◆ Action item
What you return should be every line below, word for word, and none of the images.

◆ Supplied material
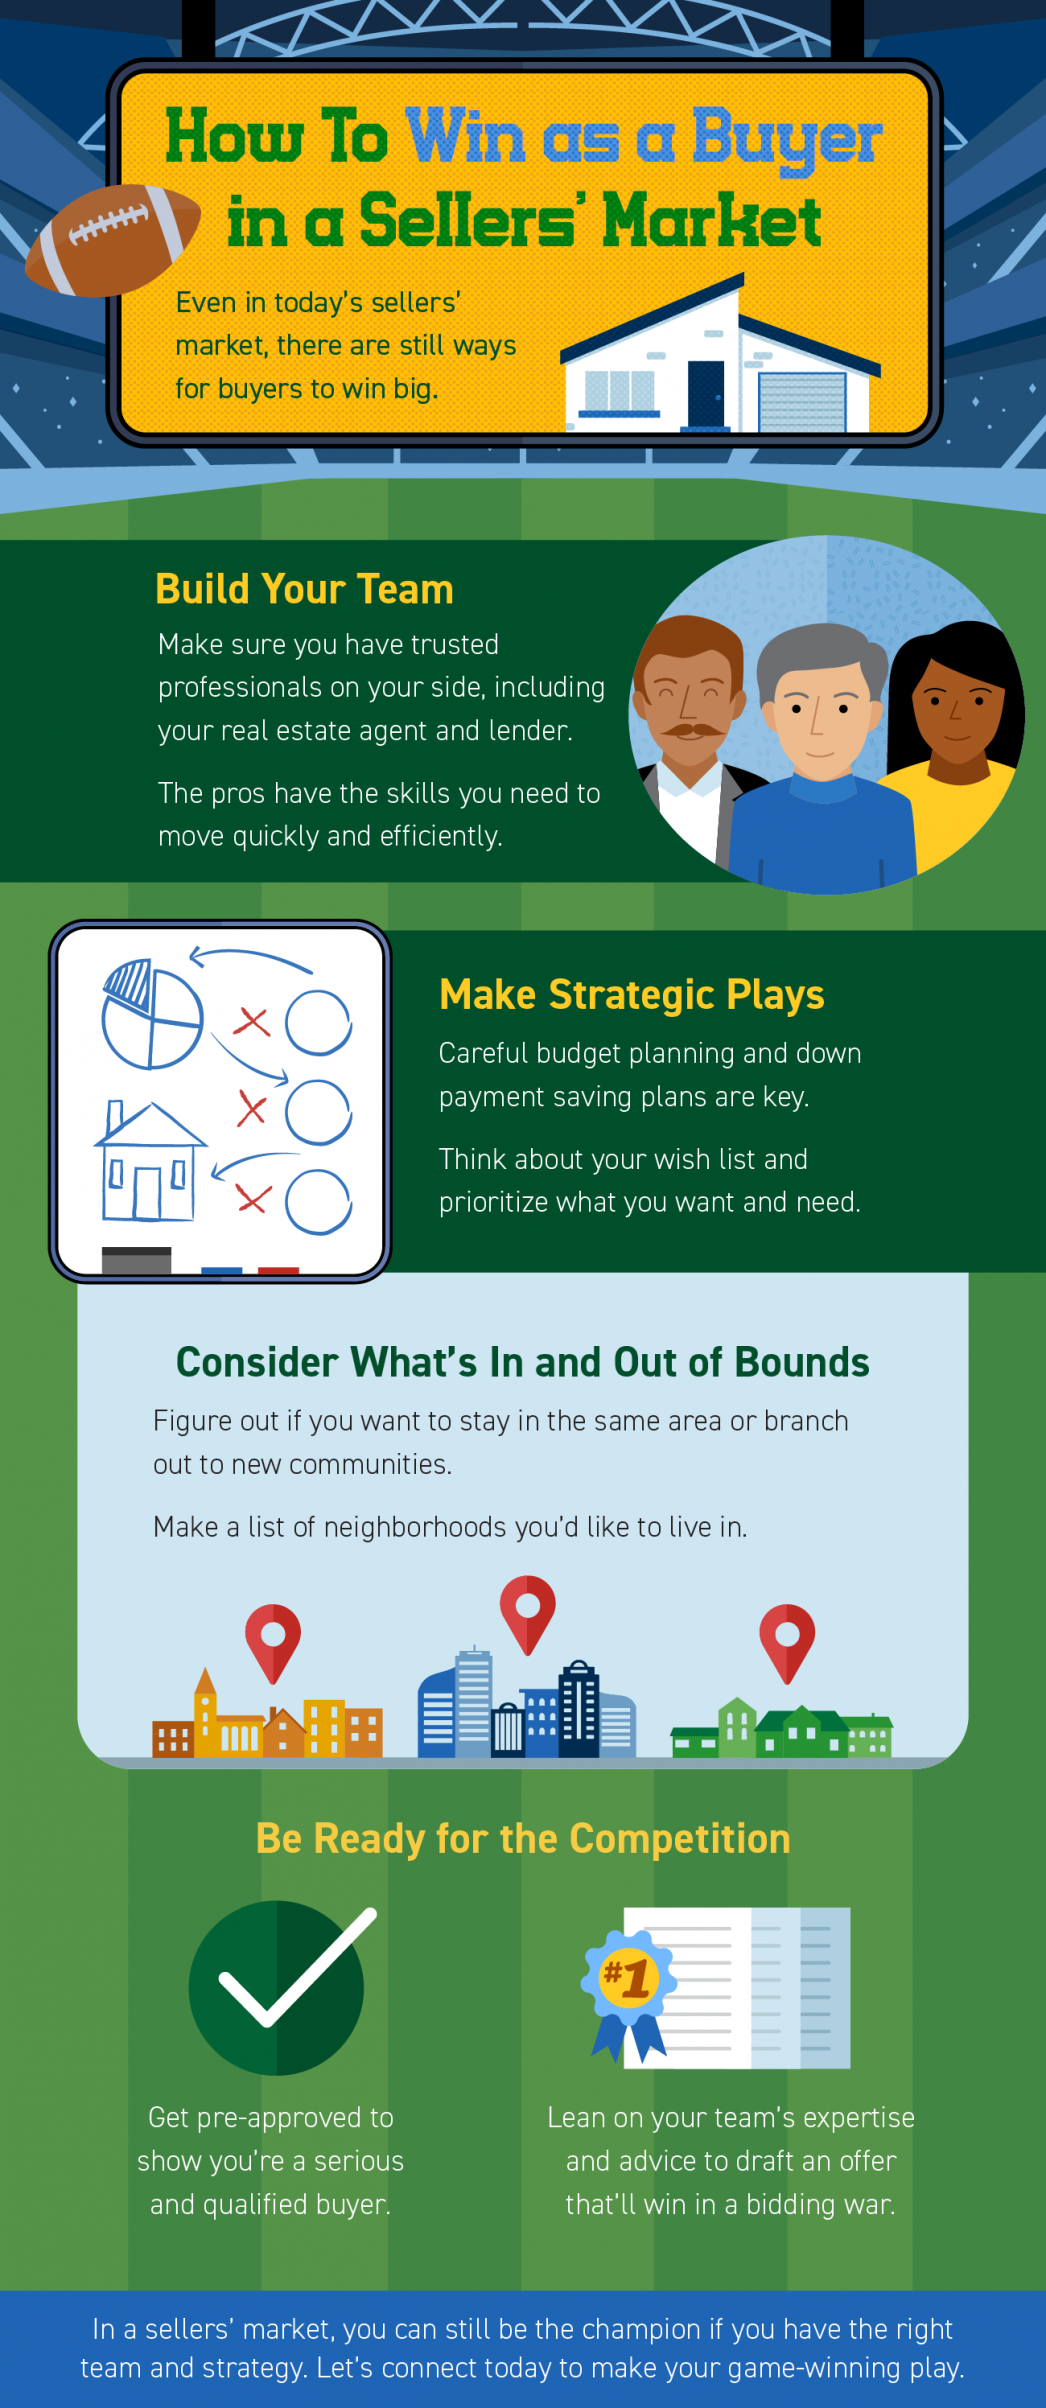 How To Win as a Buyer in a Sellers’ Market [INFOGRAPHIC] | MyKCM
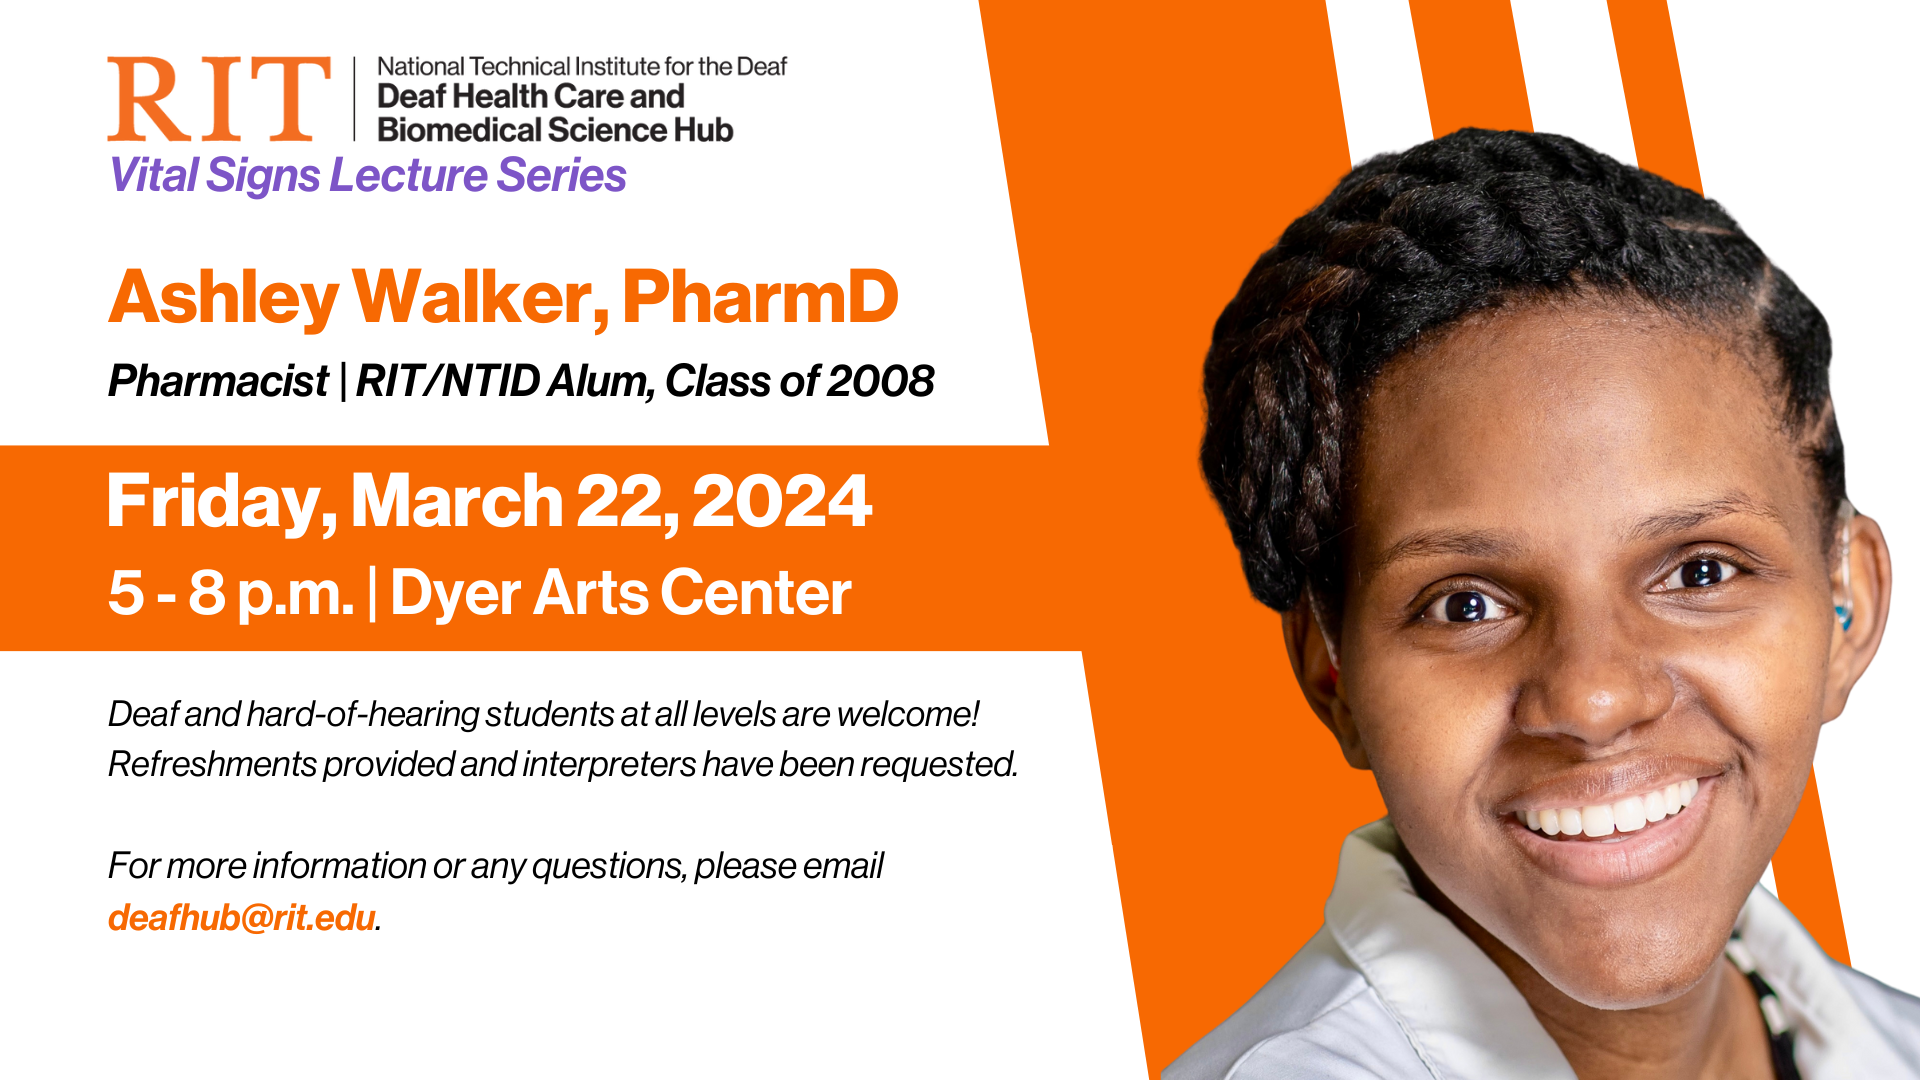 Dr. Ashley Walker's portrait is featured on the Deaf Hub's Vital Signs Lecture Series for her presentation on Friday, March 22, 2024 from 5 to 8 pm at the Dyer Arts Center.
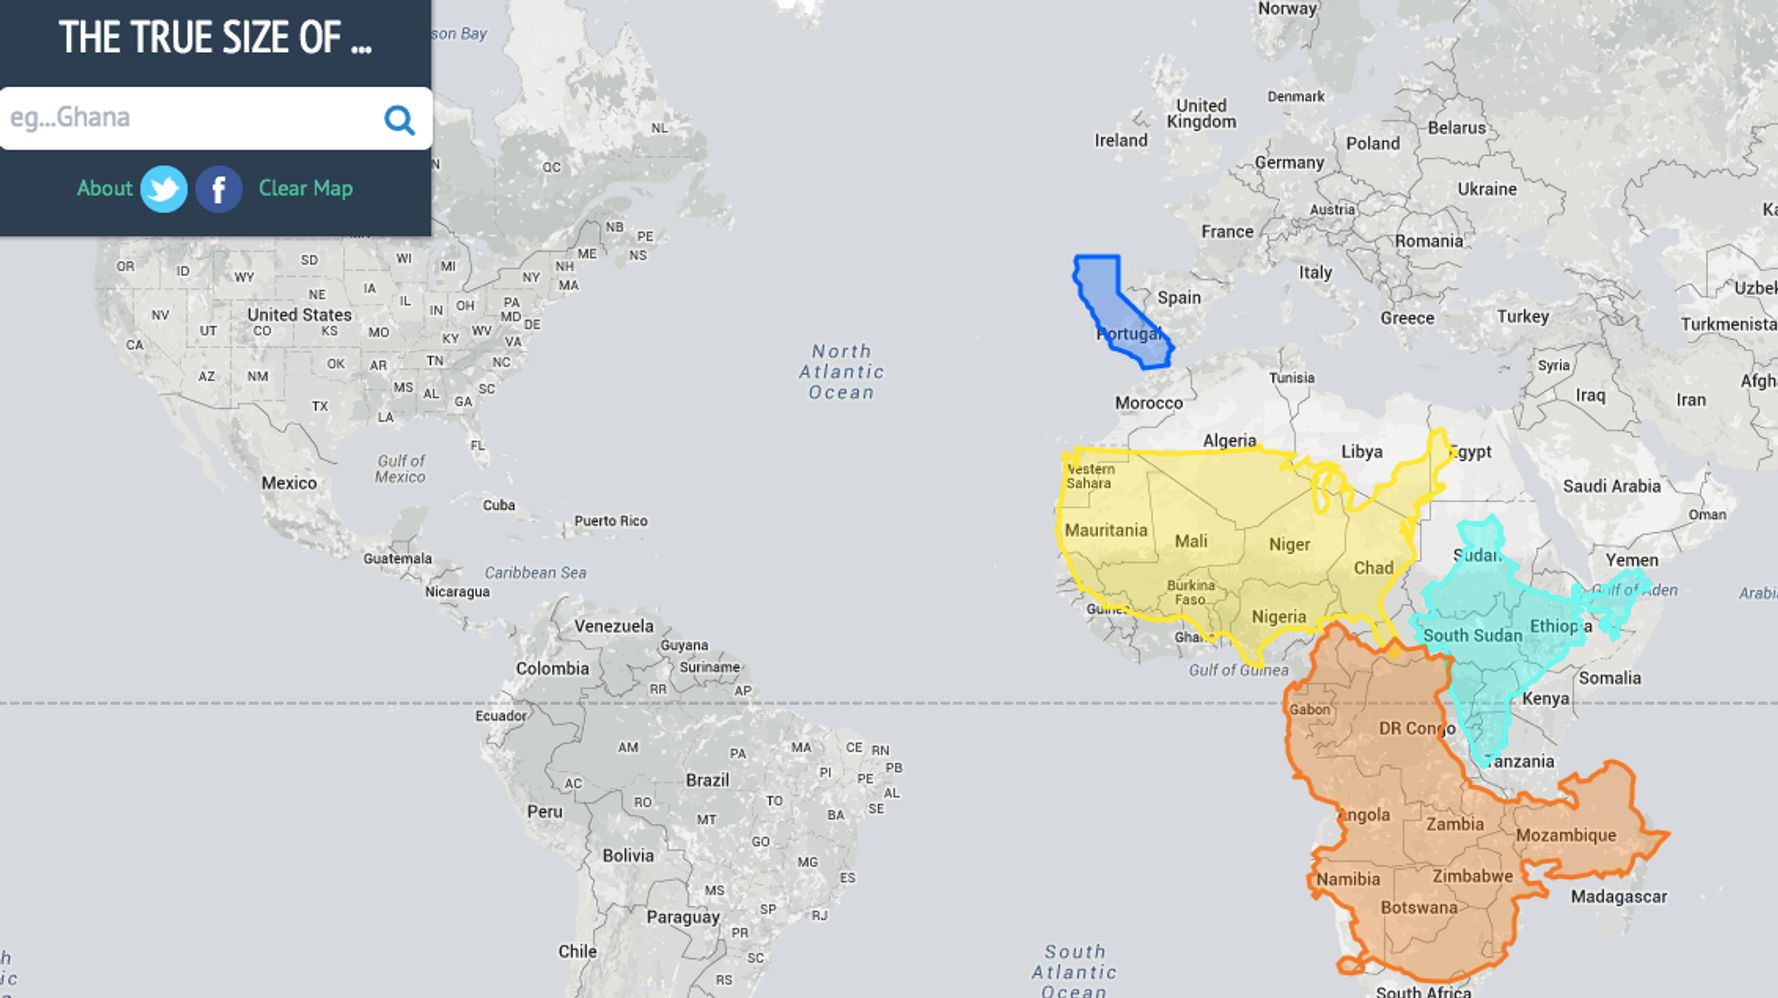 Here's a map showing the true size of countries. Have a good day.

◆ Response
 How To Win as a Buyer in a Sellers’ Market [INFOGRAPHIC] | MyKCM
 Dr. Ashley Walker's portrait is featured on the Deaf Hub's Vital Signs Lecture Series for her presentation on Friday, March 22, 2024 from 5 to 8 pm at the Dyer Arts Center.
 Here's a map showing the true size of countries. Have a good day.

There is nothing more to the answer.